→ Problem description: Write out exactly every line from the one containing "Firewood pile by dimol" through the final line of the material below, both included. Pictures are to be skipped.

→ Input data:
►
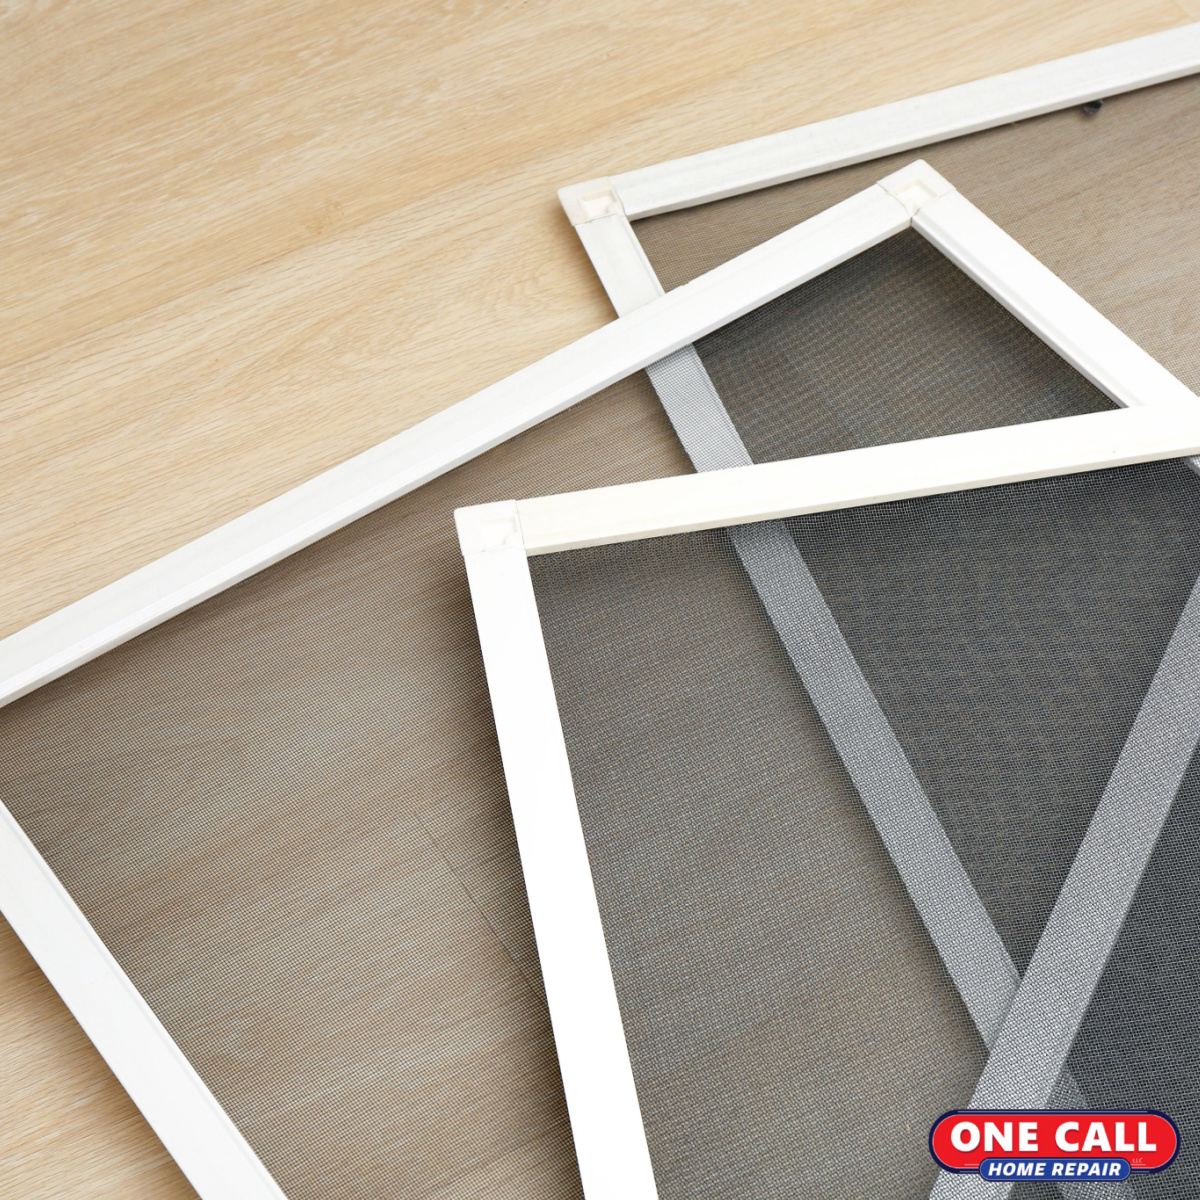 Ripped Window Screens? One Call Home Repair is Well-Equipped to Help!
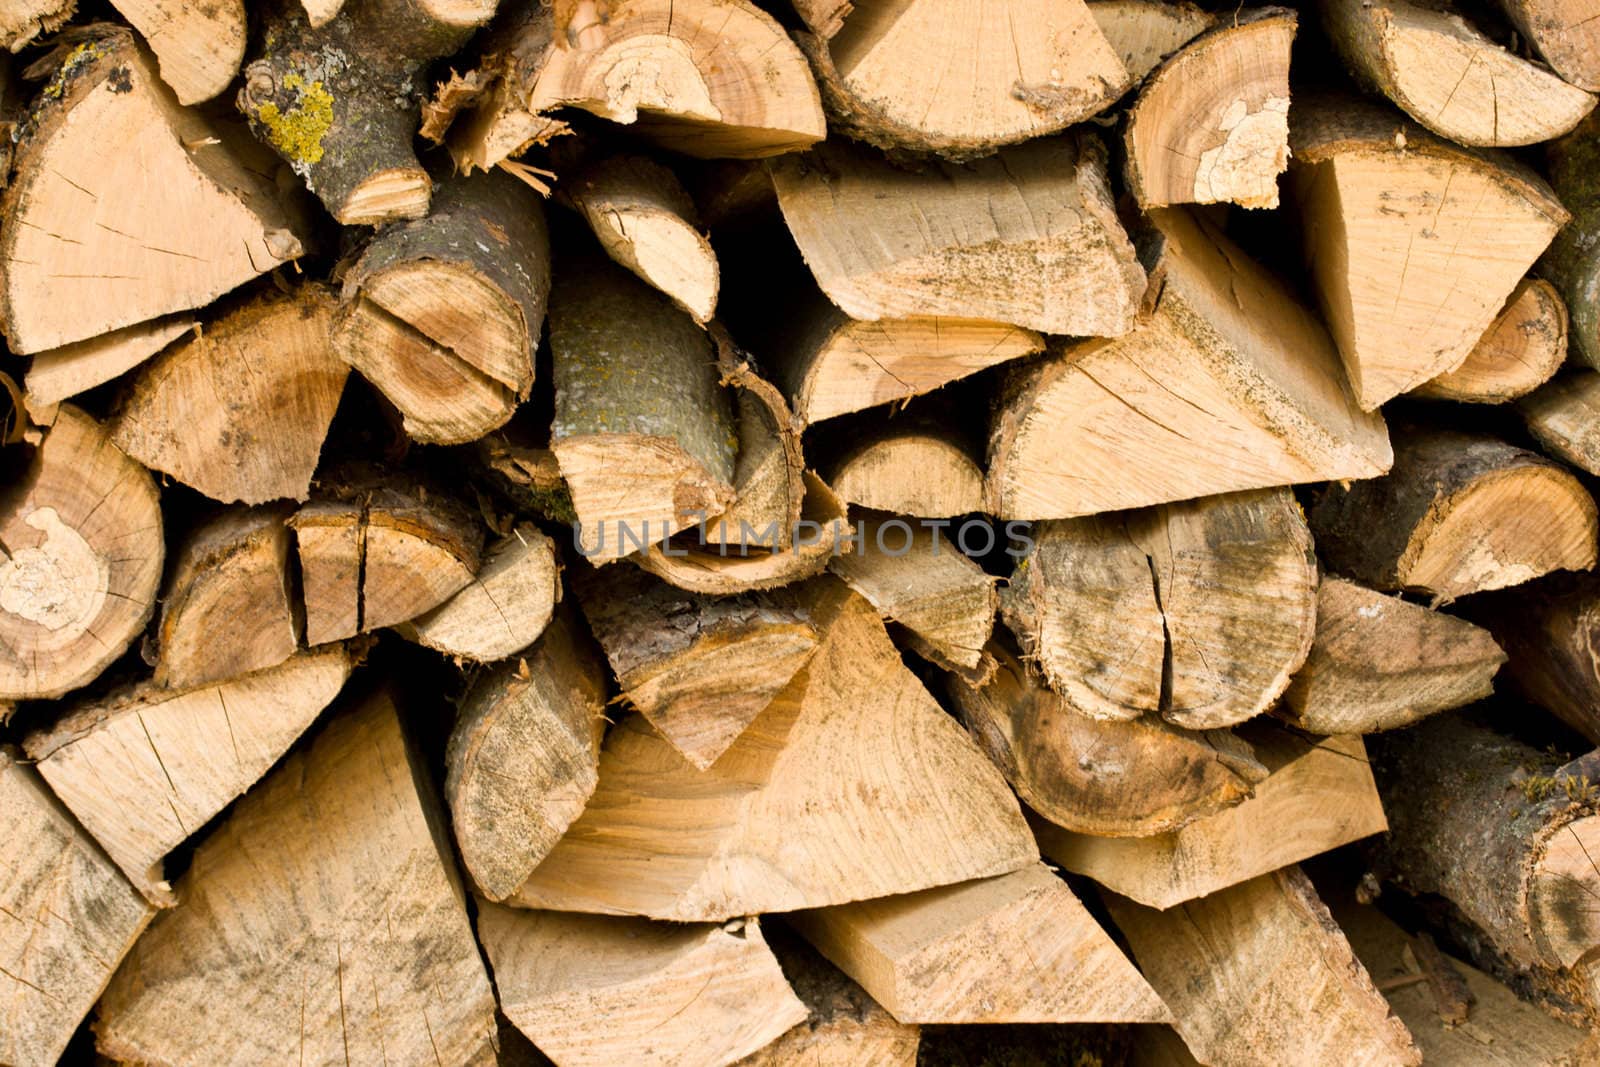 Firewood pile by dimol
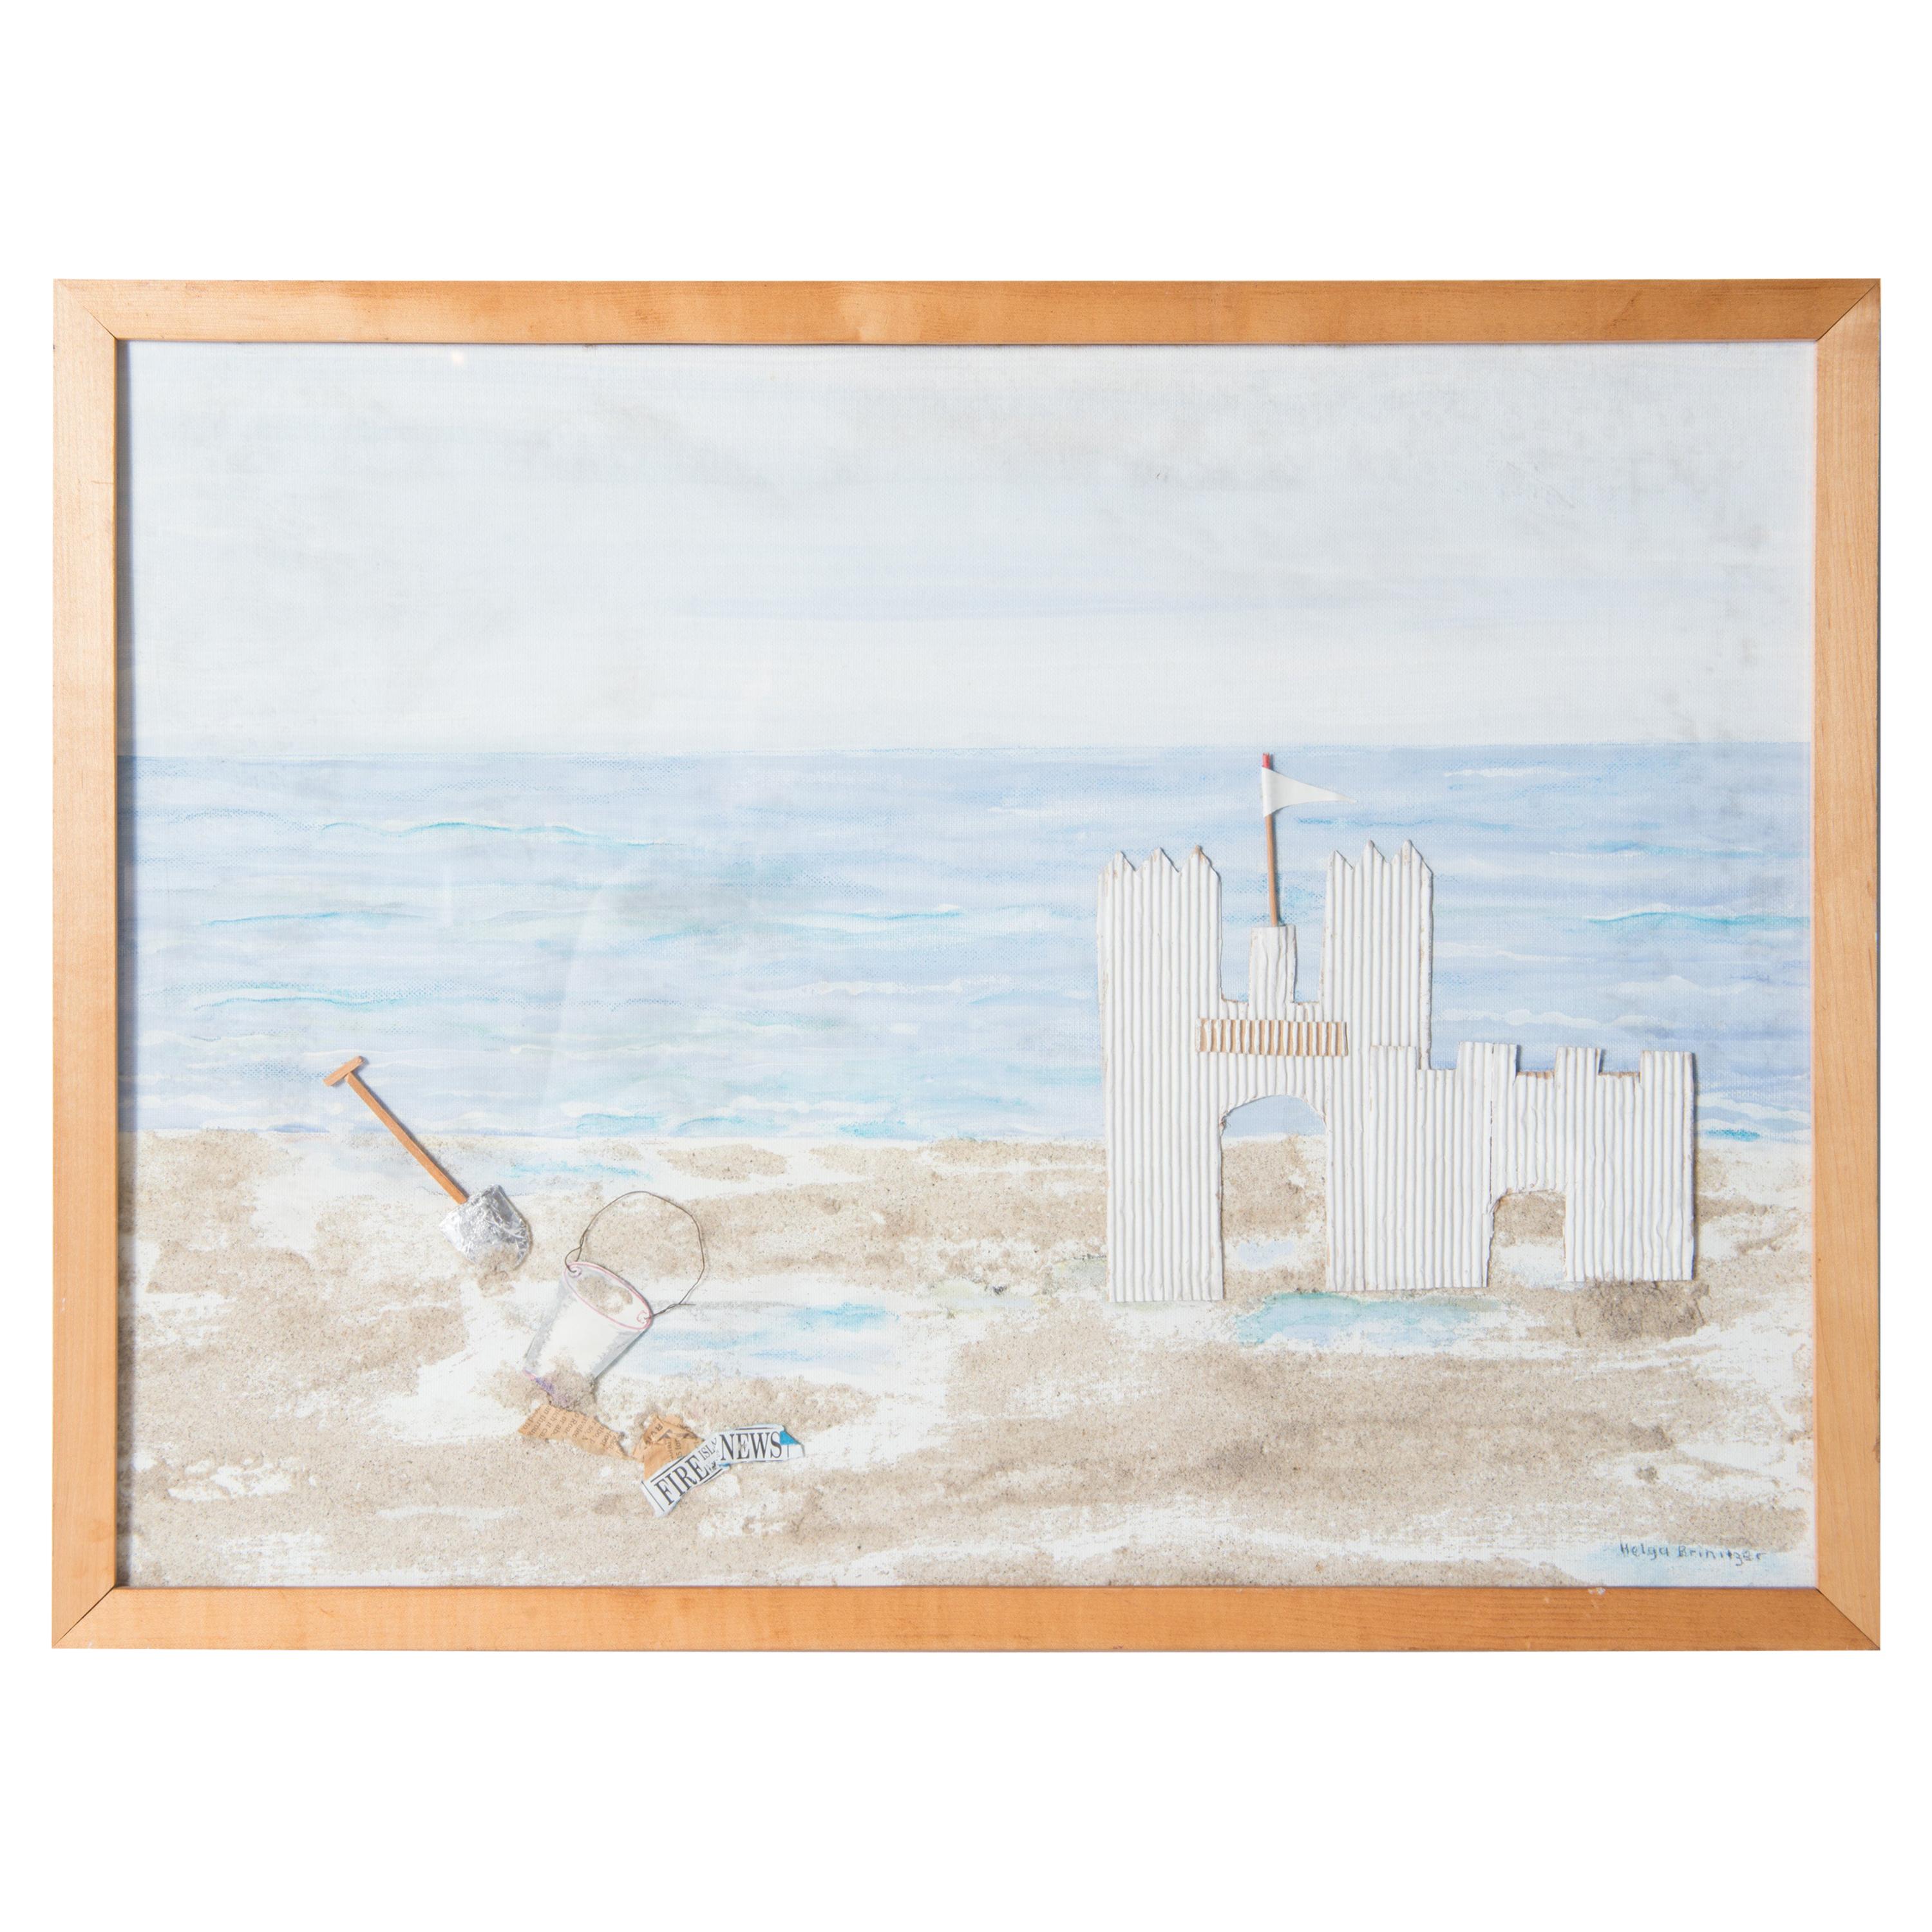 Fire Island, Sand Castle on the Beach Collage, Signed For Sale
◄
→ Written solution:
 Firewood pile by dimol
 Fire Island, Sand Castle on the Beach Collage, Signed For Sale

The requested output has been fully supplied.